Meet LINXS new director, Trevor Forsyth
Trevor Forsyth will take on the role as new LINXS director from 1 December.
Sweden is well placed to make important headway in terms of enabling breakthrough science in key areas across the scientific landscape. This will require further moves towards a genuinely collaborative mindset and the formation of transdisciplinary research environments – something that will also be key in the development of Science Village Scandinavia (SVS) that will grow between ESS and MAX IV, says Trevor Forsyth.
Trevor is emphatic that the developments ongoing in Sweden for the MAX IV and ESS facilities, as well as the national/academic infrastructures throughout the country and the international ones to which Sweden subscribes, will have a crucial impact on the scientific and social prosperity of the country. He emphasises that it will be a central part of LINXS mission to maximise the return on the large investments that have been made for the whole academic system and indeed industry.
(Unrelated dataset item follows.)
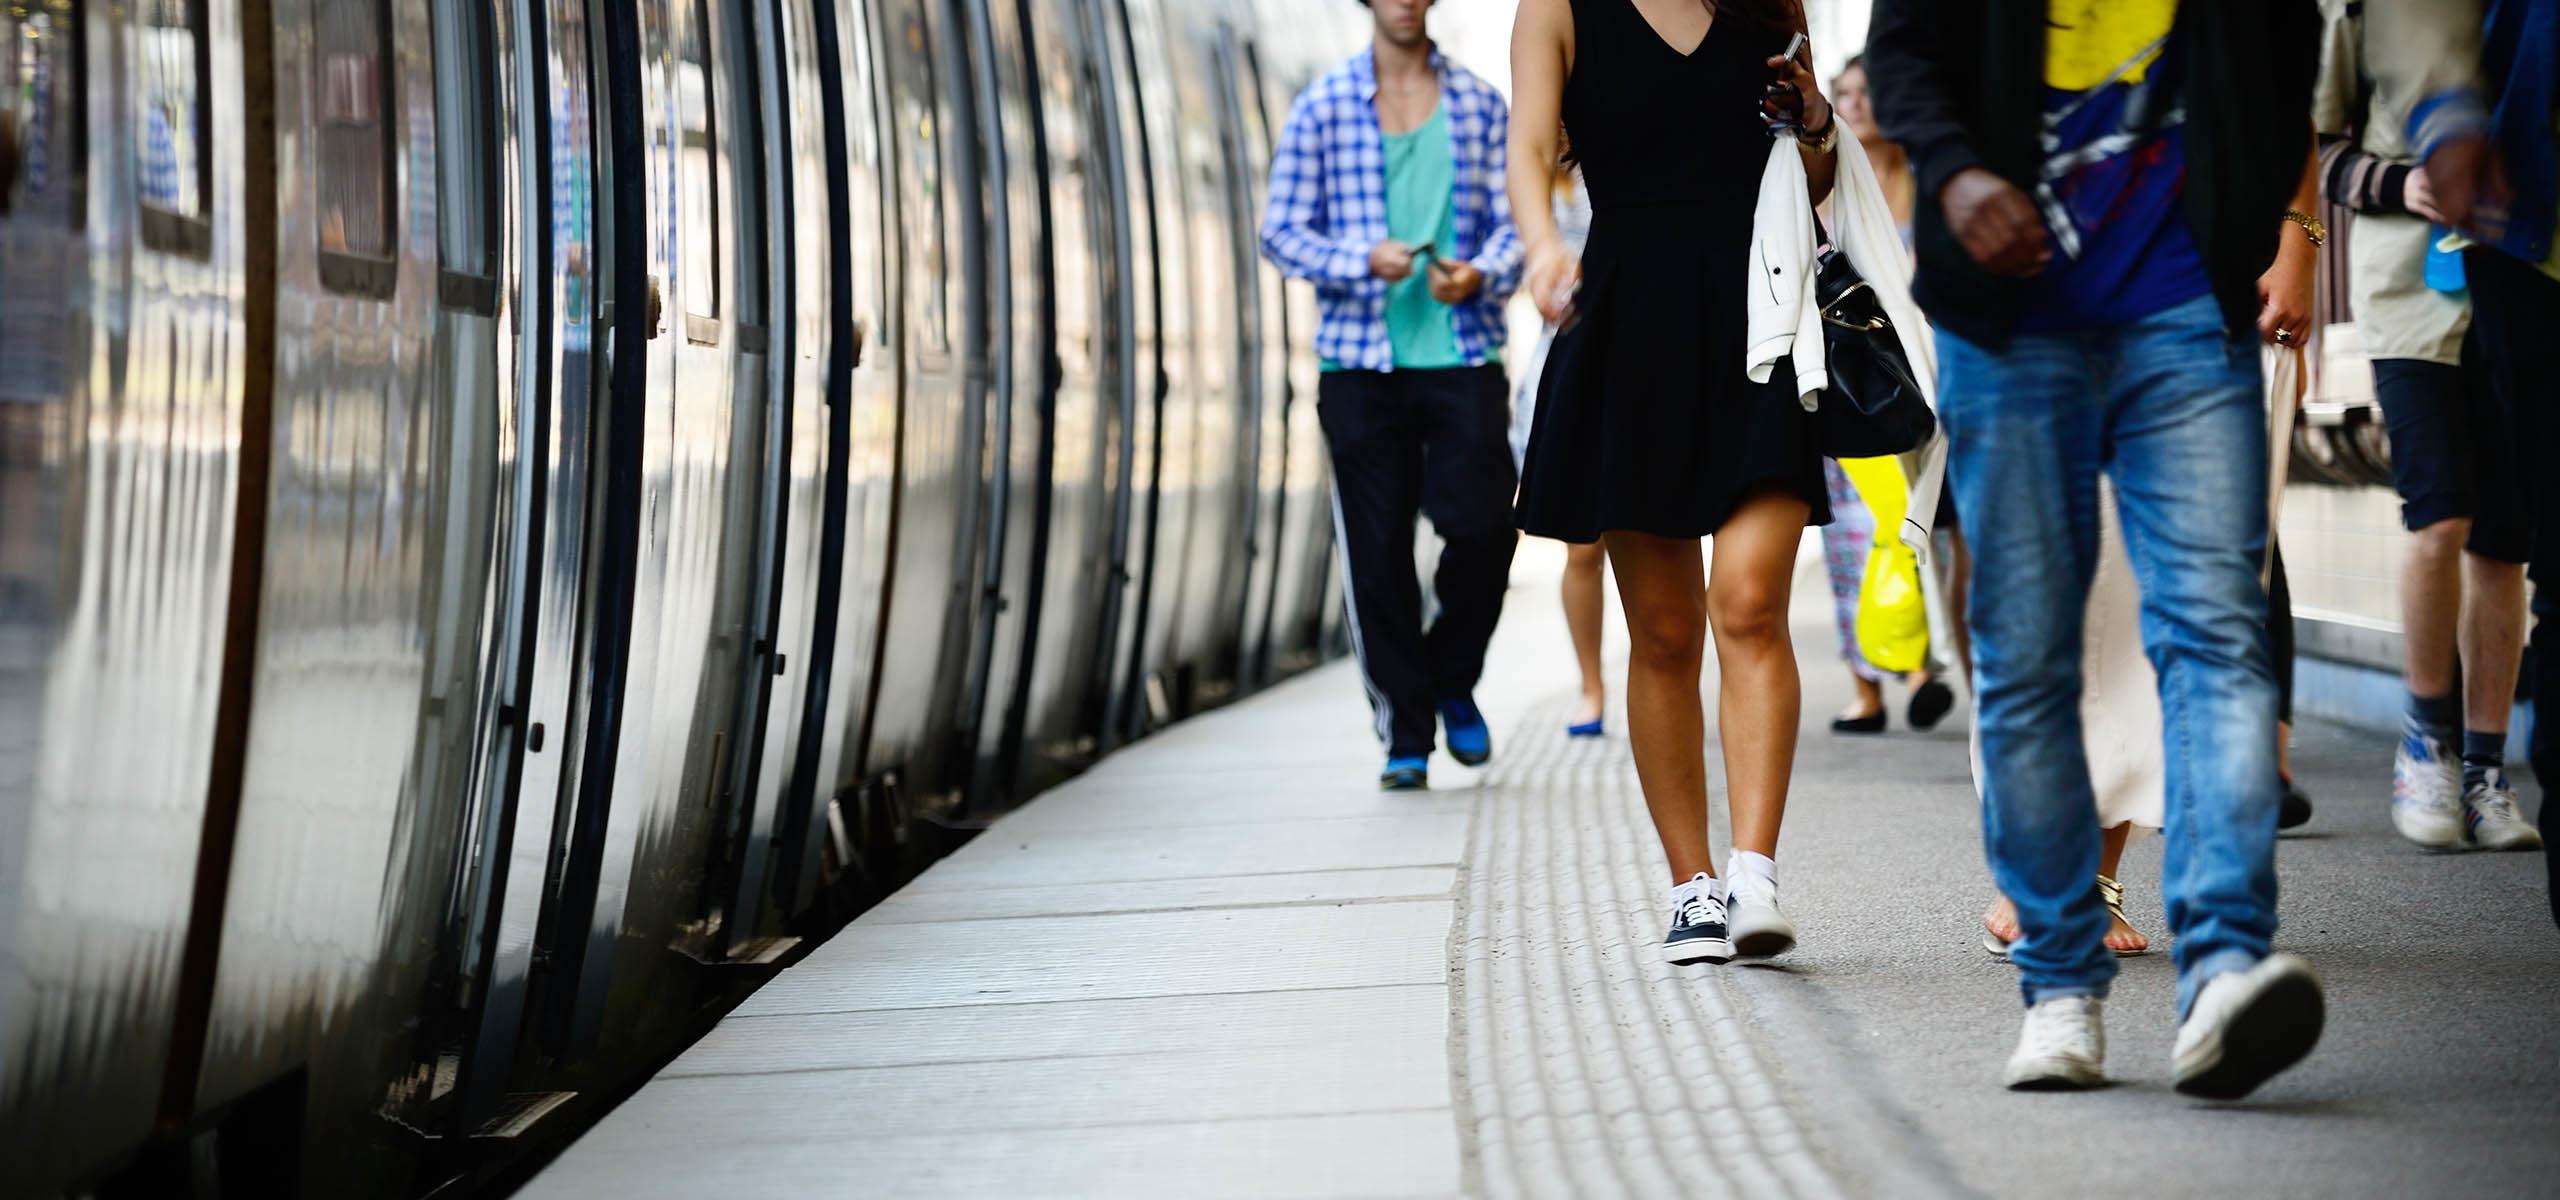 Tågförseningar forskning vid BTH

He has been involved in LINXS for several years as part of the Integrative Structural Biology theme. He comes from the Institut Laue-Langevin (ILL) in Grenoble, France, where he is Head of the Life Sciences Group and a Senior Fellow in Biology. His group is based in the Partnership for Structural Biology (PSB) on the EPN campus, which he has been deeply involved in creating and developing over many years. He is also a Professor of Biophysics at Keele University in the UK.
– It is an essential part of the LINXS mission to build up the engagement of younger scientists - PhD students, postdoctoral researchers, and new principal investigators - from centres throughout the country and also internationally, to broaden the impact and to develop the scientific user base.
He reflects that while this effort will require significant investment, it will also generate new blood and benefit from the development of scientific activity from the ‘ground up’ as well as from the ‘top down’, and help to ensure mutual benefit amongst collaborating partners.
Tackle global challenges
A related ambition for Trevor, as new director of LINXS, is to help develop alignment between fundamental neutron and synchrotron light-based research and the global challenges. A more structured focus in areas such as energy, climate and health is vital if much-needed breakthroughs are to arise in these areas.
– If this can be done in such a way that it stimulates collaboration and shared scientific interests between research institutes across Sweden and Europe, then I think we will see major progress and strong societal impact, he concludes.
Appointment as professor of biophysics
Trevor will take up the position as professor of biophysics at the Faculty of Medicine, within the Department of Experimental Medical Science. He will work half of the time at LINXS, and half of the time as professor, where he will have particular interests in the molecular aspects of amyloid formation and the relationship to clinical manifestation in different types of amyloidosis such as transthyretin cardiomyopathy and polyneuropathy.
This appointment as professor of biophysics is the result of a unique collaboration between the Faculty of Medicine, the Faculty of Science and the Faulty of Engineering. For the very first time, the three faculties have jointly contributed in terms of funding and scientific direction of a professorship.
Facts about Trevor Forsyth
Trevor will be coming from the Institut Laue-Langevin (ILL) in France, where his group is embedded in the Partnership for Structural Biology (PSB). The Grenoble PSB was formed on the campus by the ILL, the European Synchrotron Radiation Facility (ESRF), the French Institute for Structural Biology (IBS), and the European Molecular Biology Laboratory (EMBL) in the early 2000s. It was designed and developed to promote and develop interdisciplinary science and focuses on fundamental problems relating to human health. It makes full use of the large facility investments on the site such as the ILL neutron source, the ESRF synchrotron X-ray source, high field NMR at the IBS, and state-of-the art cryo-electron microscopy. Trevor is committed to the unique multi-technique approaches that are enabled by these co-located resources.
In 2004, he was appointed professor of biophysics at Keele University in England. He has extensive experience in working with interdisciplinary and cross-border networks that include researchers, the public sector and businesses. He has published extensively in the field of structural biology / biophysics and life sciences, and uses both neutron and synchrotron-based techniques in his research.